The Roll of a Die
“Hey what’s with the dice?”
I pointed to the small silver dice pendant that hung around my teacher’s neck.
Don* was fresh out of university, and we’d struck up a friendship of sorts, based on our love of experiencing new things. He’d always wanted to learn to how to ride a motorbike, and I told him I’d happily oblige if he let me drive his hotted up car.
But on this day, it was the die that caught my eye. I was only about 14, but I knew there was more to this symbol than a simple pendant. What followed was an intriguing conversation about the role of fate in our lives. A typical conversation for two rebels just trying to figure out this ‘life’ thing.
He explained he was ‘living by the die’, making decisions based on its roll. He’d changed degrees, ditched a fiancée, and moved houses, purely based on the roll of a die.
There was no internet back then, so I had to take his word for it that he wasn’t the only crazy person doing this. Well, crazy is a misnomer. One man’s crazy is another man’s genius.
There was a simplicity in this method of life for sure; if one believed in fated lives and no agency. But I was still learning, and I didn’t know what I believed.
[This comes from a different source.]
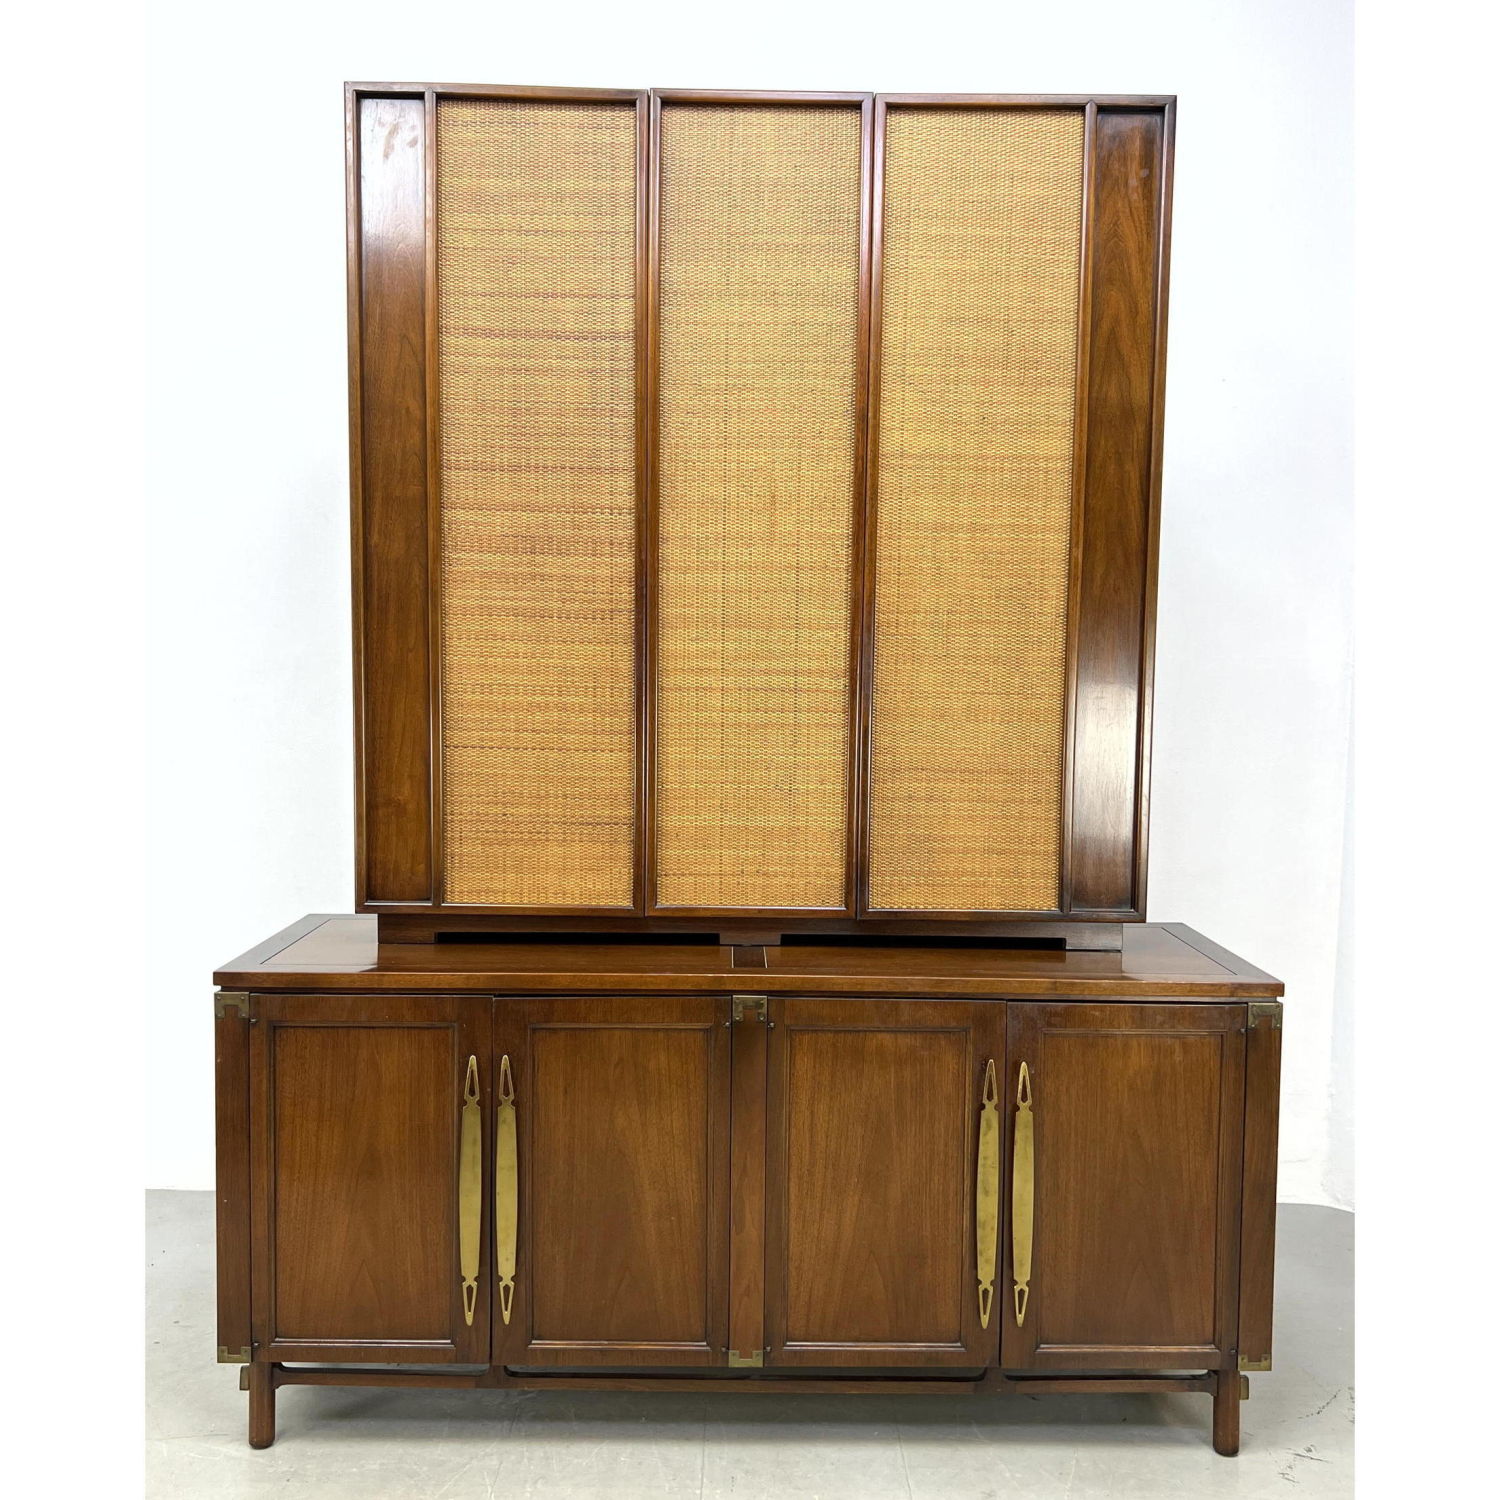 HERITAGE Two Part Credenza with

I’ve no idea what brought his dice to mind many years later, but I jumped online to find out about this ‘die thing’ he’d spoken about. I found an article about the book The Dice Man.
Don hadn’t mentioned the actual book, but it makes sense that a ‘trend’ like this would have its origins in literature, and it made for fascinating reading!
Ha! Ha!
Of course, my next step was to Facebook stalk him to see how his life turned out. The romantic in me was disappointed to find he’s working in the corporate sector, making a ‘killing’ in traditional marketing and seminars.
But no one can know facts from this distance, right?
Perhaps the die led him there?
My heart gently reminded me that whether he ‘sold out’ or ‘grew up’ is entirely based on my own perspective, and not his.
Thinking back to Don’s ‘system of life’ made me ponder my own.
It certainly seemed ludicrous to hand your life over to the roll of a die that knew nothing about you personally, your dreams, hopes or ambitions.
Yet I’d spent my early years doing what was expected of me.
And it was the same as rolling a die for decisions.
The people who ‘expected’ me to behave a certain way knew nothing about me personally. They knew nothing of my dreams, hopes, and ambitions. I just did what was expected, and I excelled at it. Everyone else seemed to decide what the roll of my die should be.
And I gladly obliged.
People pleasing, or the fawn response of complex PTSD, slowly erodes the self, autonomy, and any form of agency with each inauthentic step.
It’s a survival mode of behaviour based on what appears the safest route through any particular day.
I wasn’t blatantly rolling a die like Don, but I was just as passive. I let others (people, society, and systems) roll my die for me. And as they say, you can’t change something you’re not aware of!
But this awareness also comes with a form of contradiction.
I certainly believe in the power of a surrendered life.
But there’s a dramatic difference between surrendering to the familiarity of unhealthy patterns in our lives, and surrendering by choosing to flow with life, rather than resist and battle against your one and precious life.